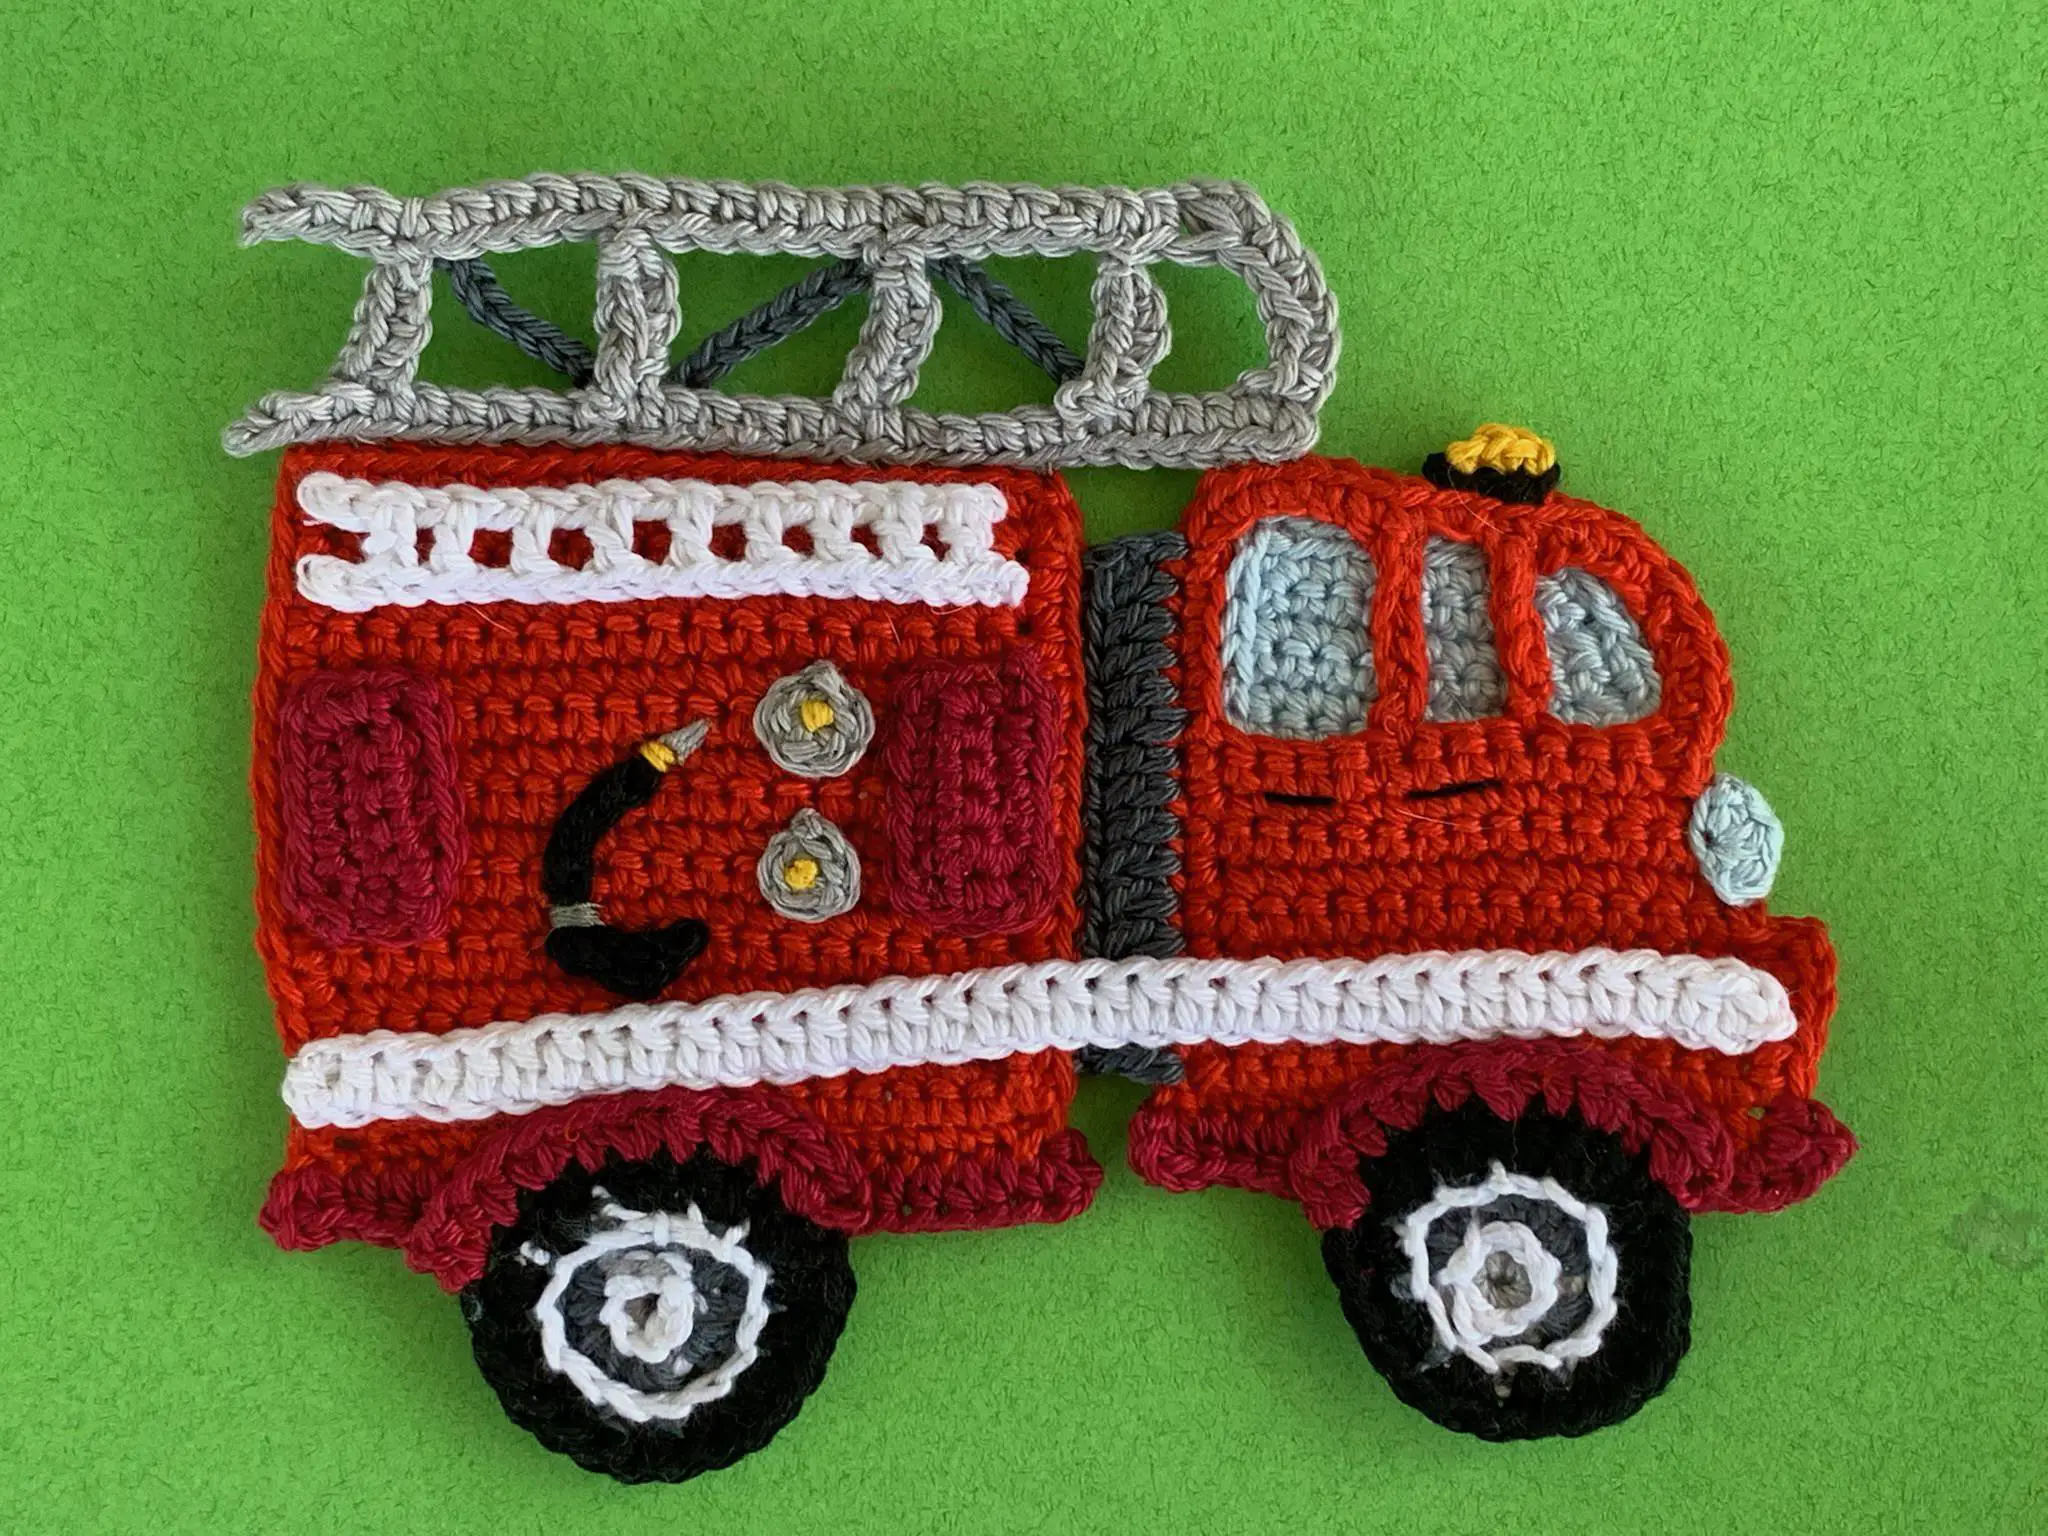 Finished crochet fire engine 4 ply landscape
--
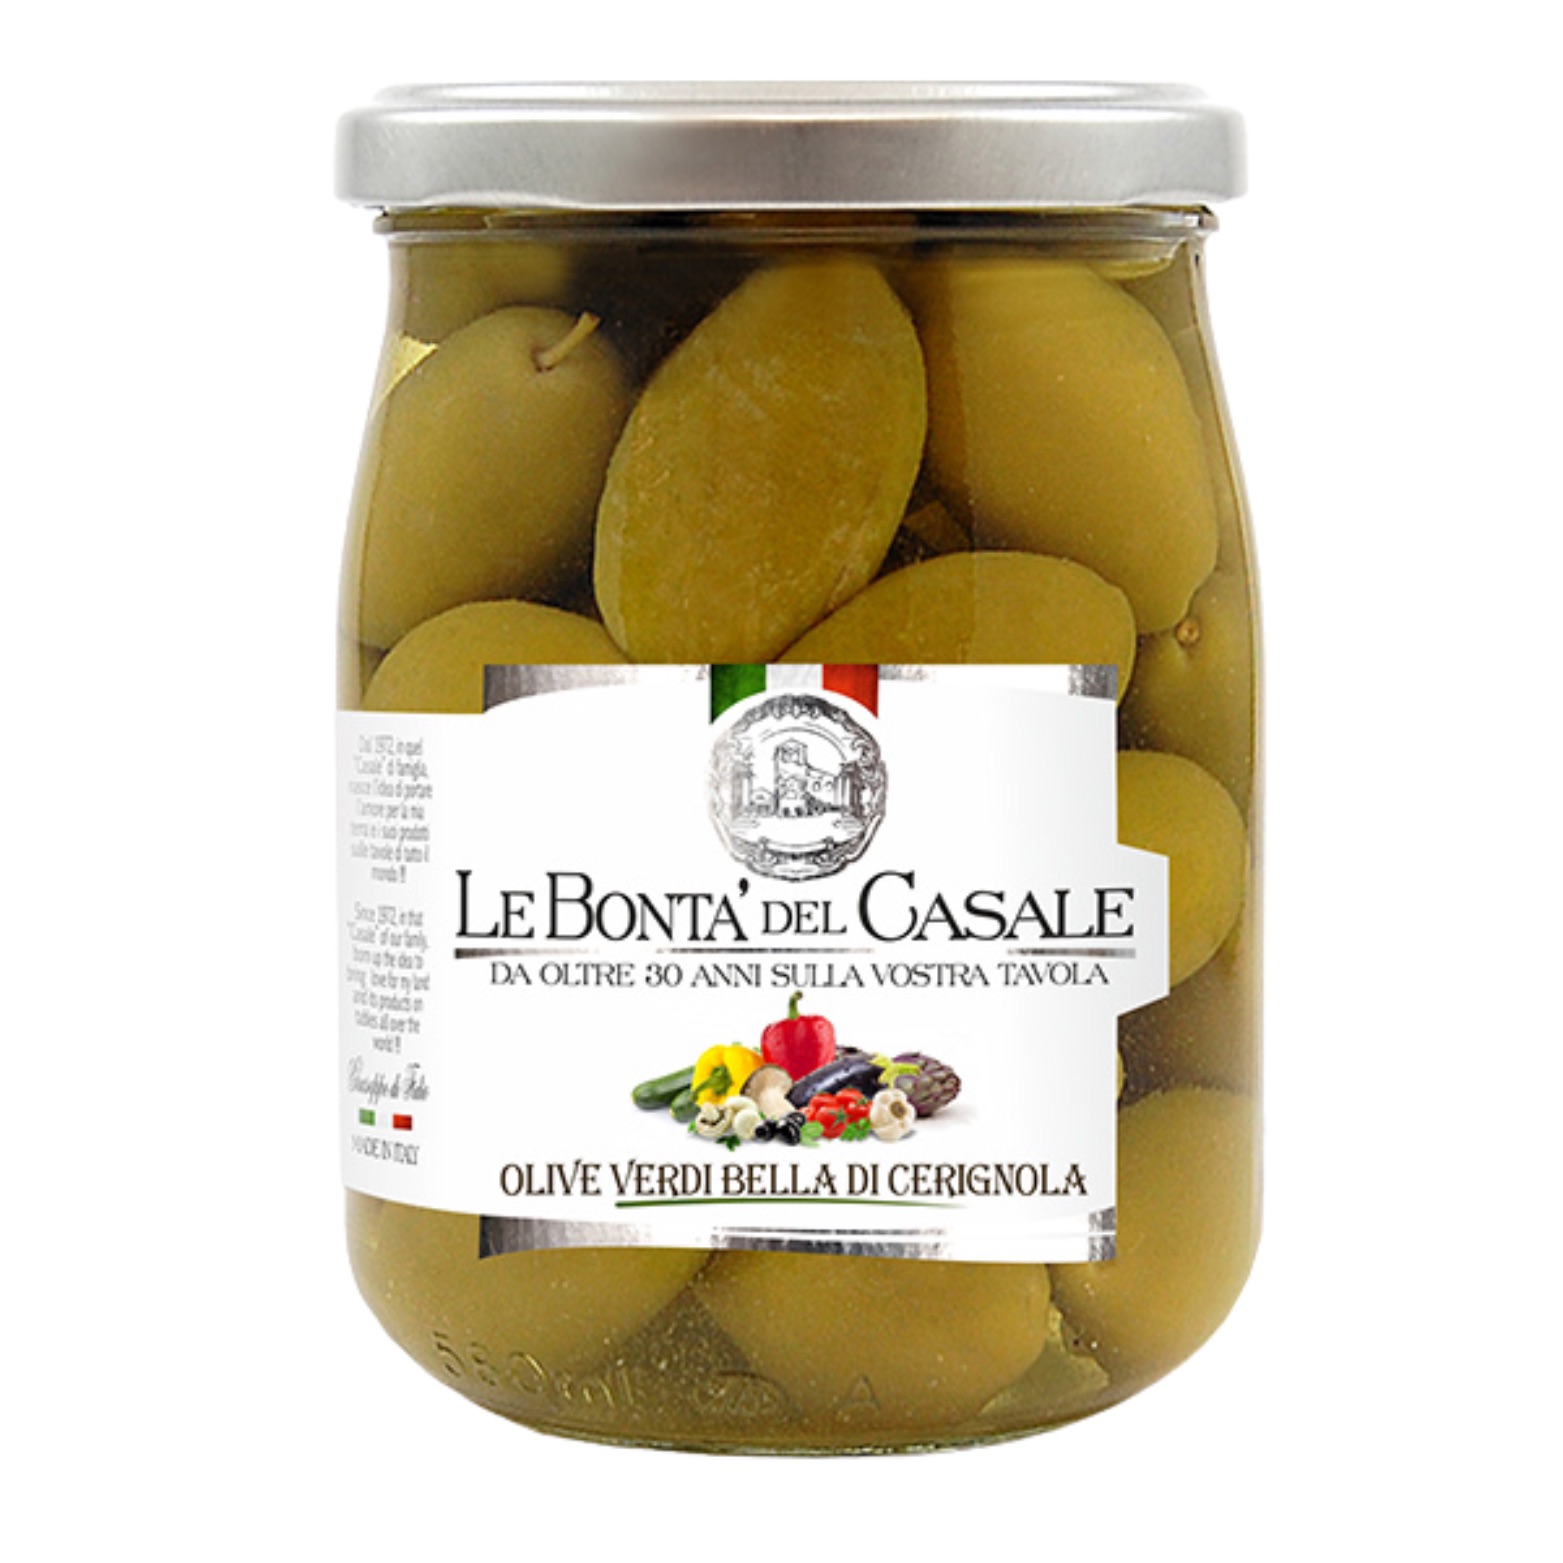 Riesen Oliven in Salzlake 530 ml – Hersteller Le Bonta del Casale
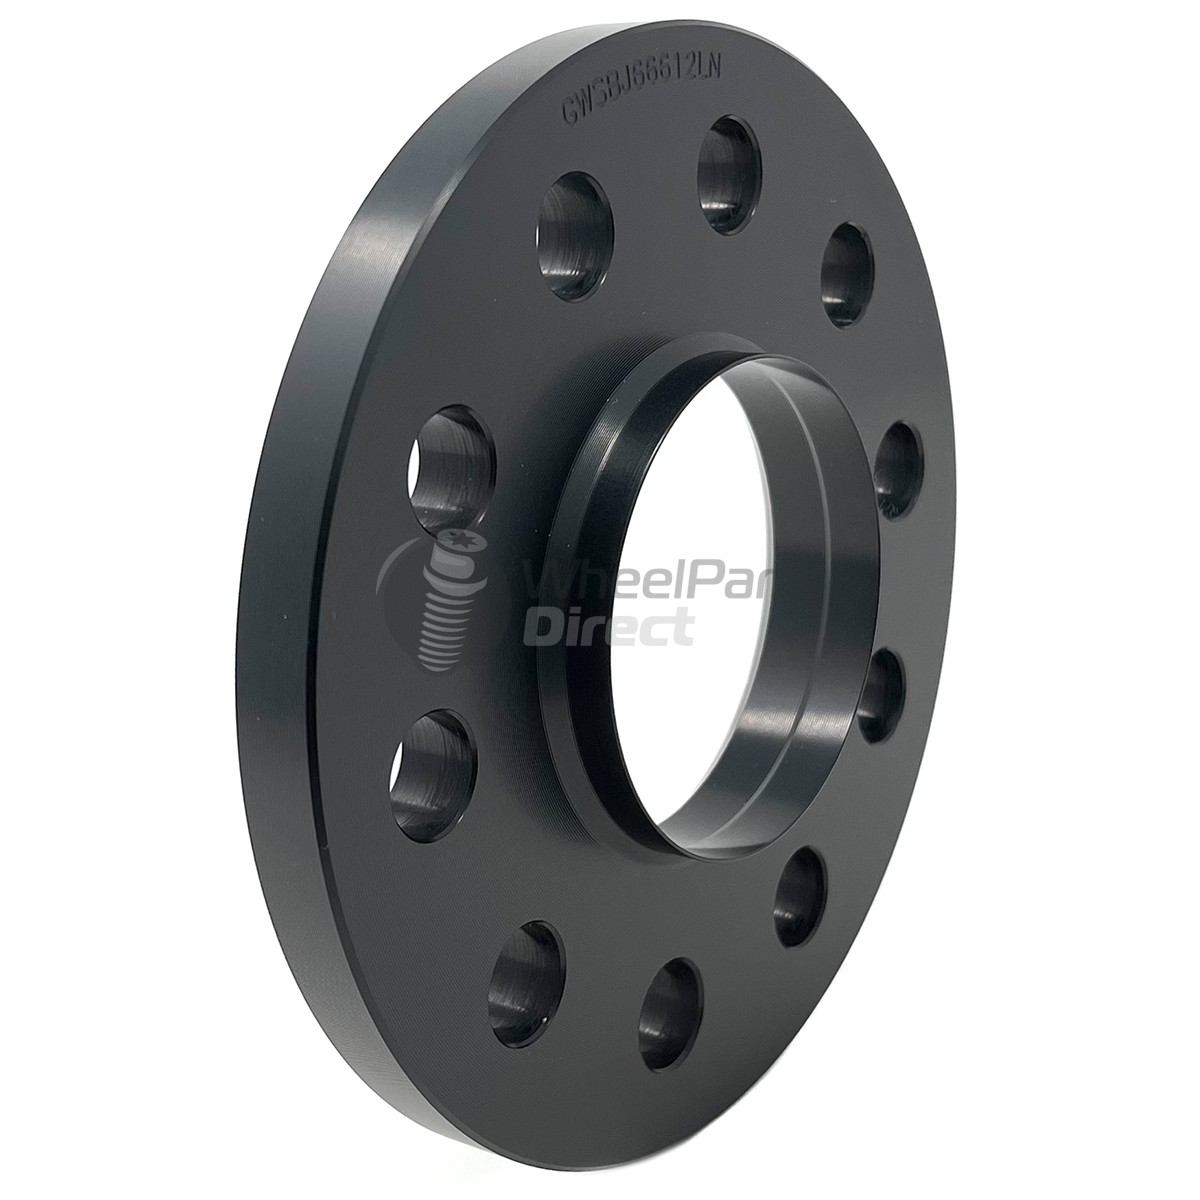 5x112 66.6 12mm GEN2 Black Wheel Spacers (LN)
==
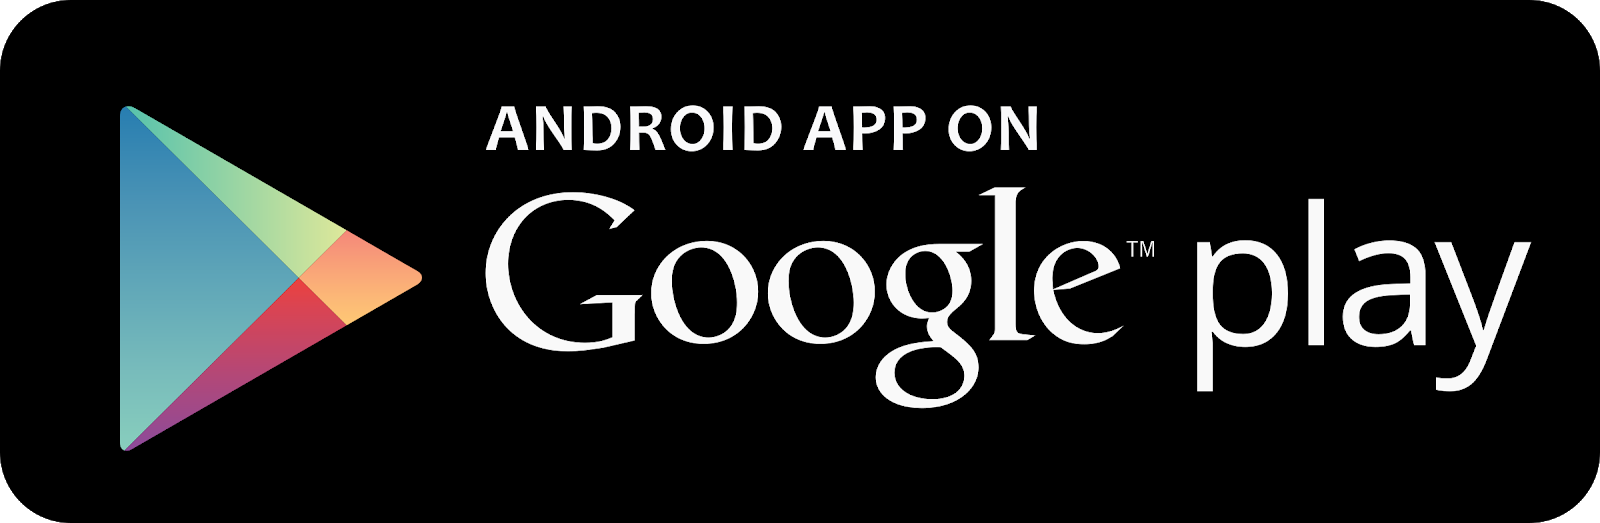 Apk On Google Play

EXERCISE DETAILS
In the data above, the stretch from the line with "Riesen Oliven in" through the line with "5x112 66.6 12mm" is to be returned exactly, minus any pictures.

WRITTEN SOLUTION
 Riesen Oliven in Salzlake 530 ml – Hersteller Le Bonta del Casale
 5x112 66.6 12mm GEN2 Black Wheel Spacers (LN)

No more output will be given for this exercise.